= Michael Baron =

British solicitor and autism advocate

Michael Geoffrey Baron (25 December 1928 – 16 November 2025) was a solicitor and autism advocate who would co-found the National Autistic Society in 1962 and serve as its first chair until 1967.

== Biography ==
Baron was born in Willesden in northwest London. He was educated at Westminster School before attending university at Trinity College, Cambridge to study history and would graduate in 1951.

He would meet Mie Wadsted, a Danish student, and be married to her from 1951 until their divorce in 1977. They would have three children including Timothy, who would grow up with autism, and journalist Saskia. Three years after his divorce, Baron would marry social worker Hetty Thieme who would die in 2012.

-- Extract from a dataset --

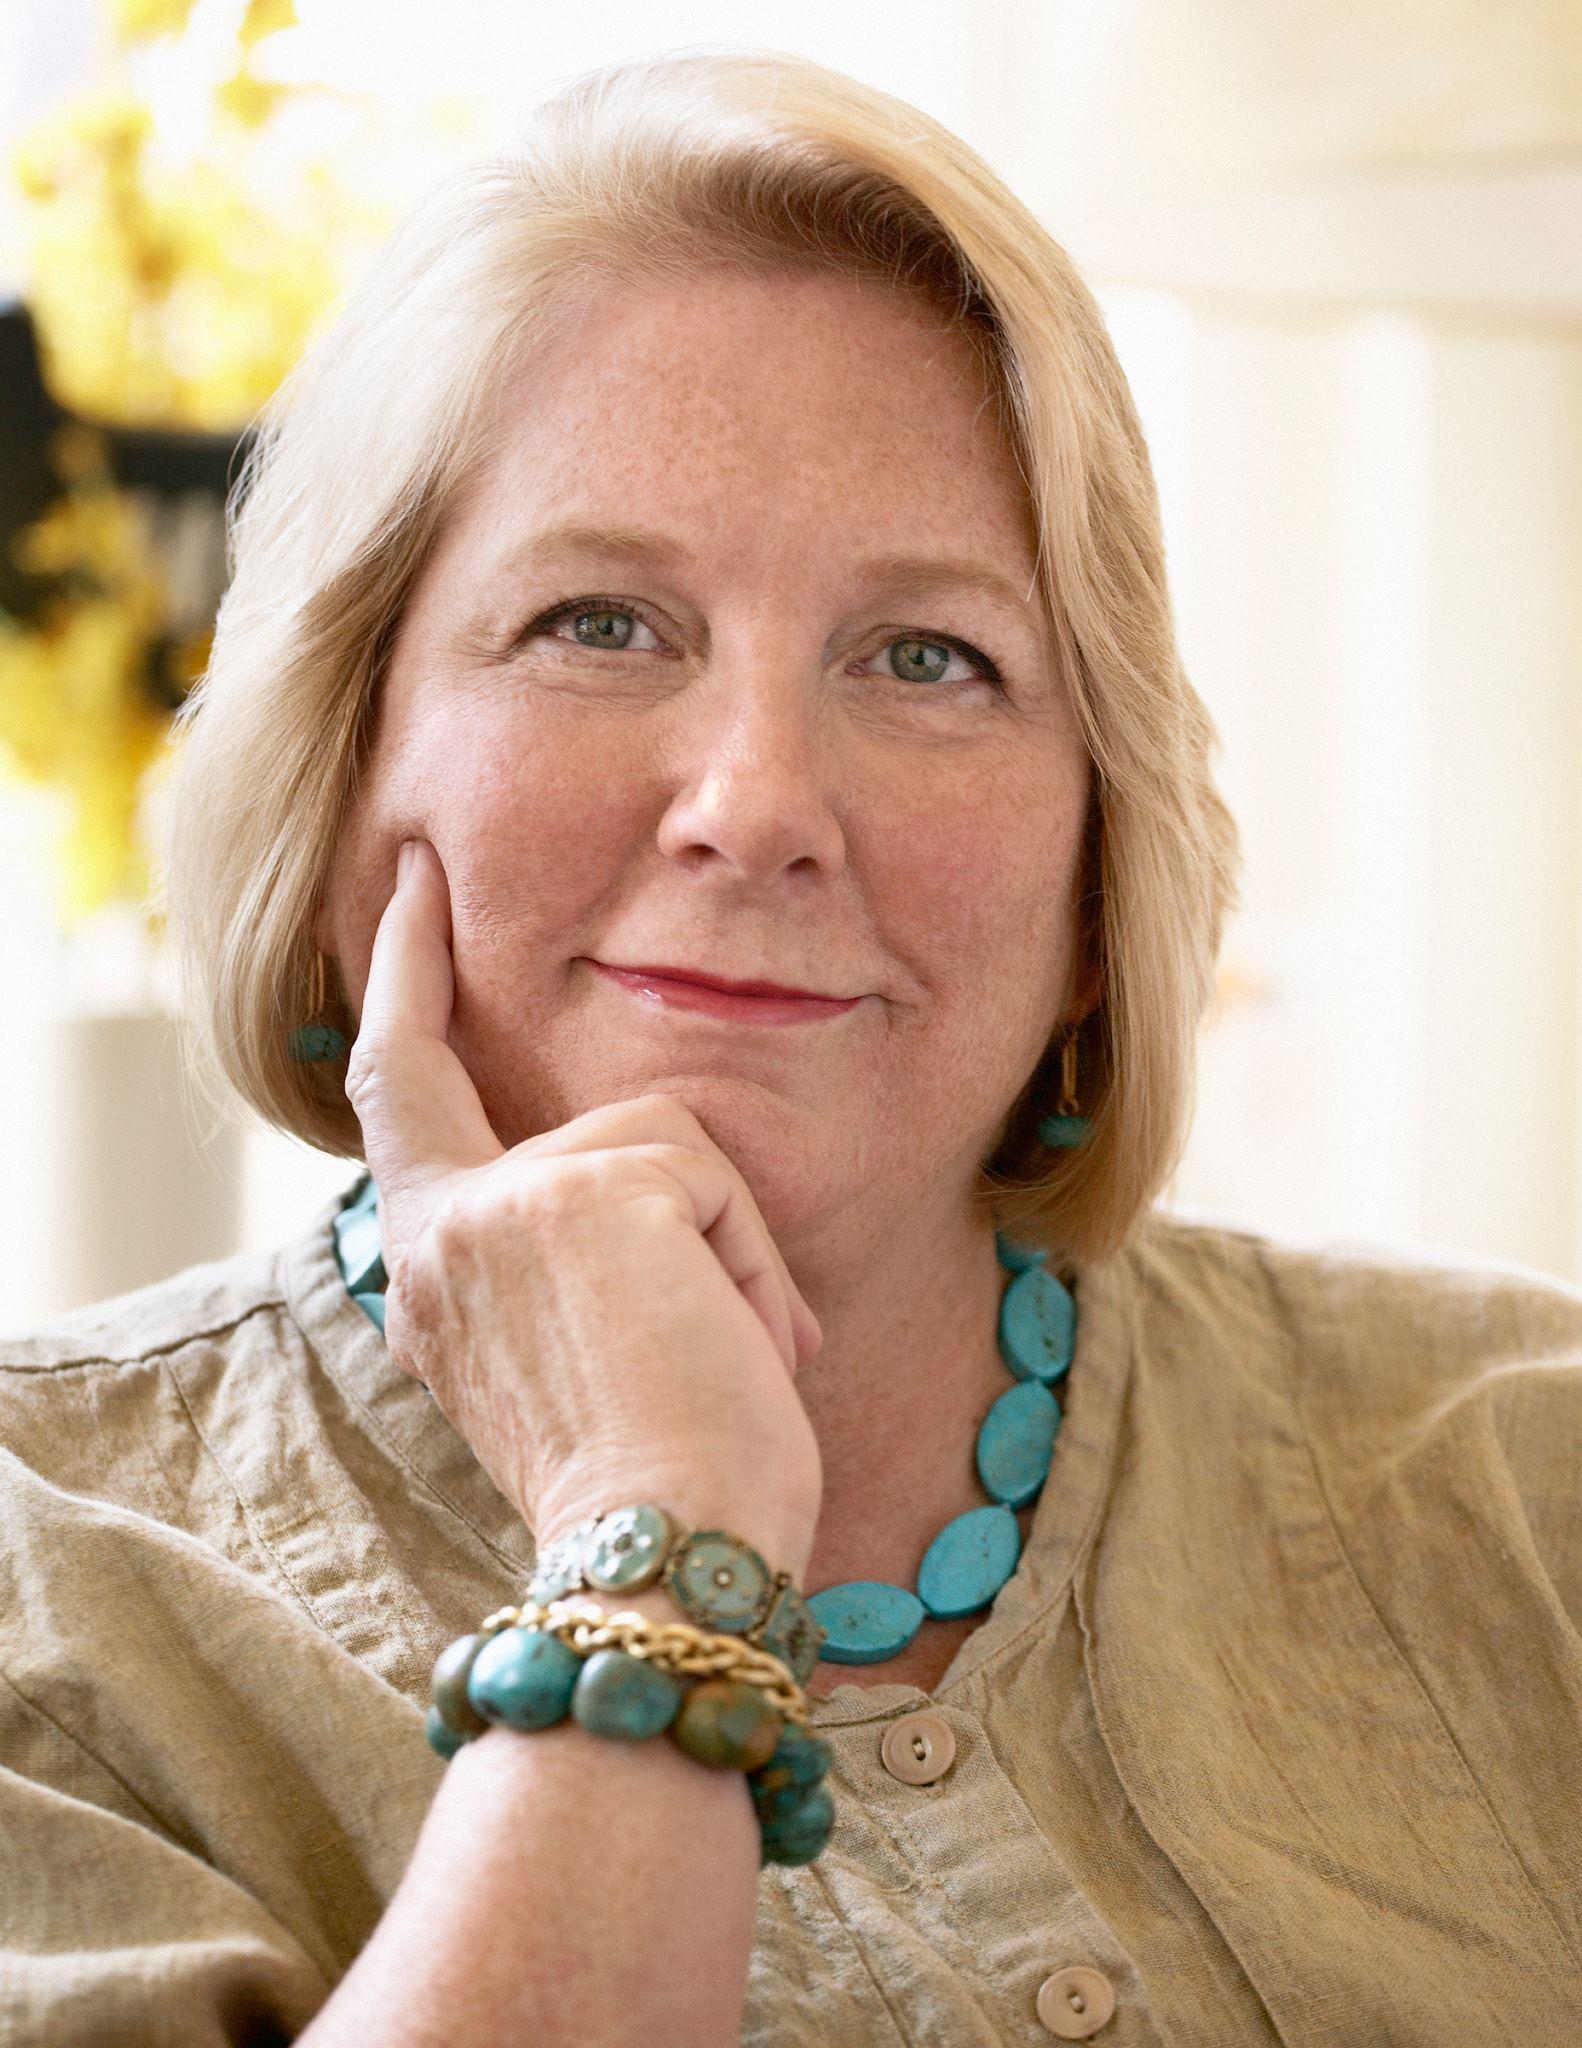 Artist Mary Engelbreit To Receive Lifetime Achievement

After selling his law firm and moving to the Lake District in 1990, Baron would become involved in campaigning against inadequate disposal of nuclear waste.

Long interested in poetry and literature he would help establish the Words by the Water literary festival in Keswick. Baron was involved in editing or co-editing several poetry anthologies including On a Bat’s Wing and The Night Shift and The Cockermouth Poets. He would also self-publish his own collection, More than a Man in a Boat, in 2005 and have his anthology The Gingko Tree and Other Poems commercially published in 2023.

=== Autism advocacy ===
Baron's son Timothy would grow up struggling with autism due to it not being well understood. Timothy would first be diagnosed with "childhood psychosis", but later become one of the first children in the UK diagnosed with autism. Baron's experiences would motivate him to help advocate for the redefining of how the condition was understood. Baron was involved with the development of what would become the National Autistic Society, among those who met in 1962 to establish an autism-specific charity. For this he would be awarded an MBE in 1980. In 1965, Baron would help to set up the world's first autism-specific school with premises in Ealing in west London. It was first led by Sybil Elgar for whom it is now named.

Baron was among the lawyers who campaigned to give disabled children the legal right to education through the Education (Handicapped Children) Act 1970. He would also be involved in the founding of what is considered the first residential community for autistic adults in the world near Bristol.

Baron would continue advocating for awareness and research into autism into his later life.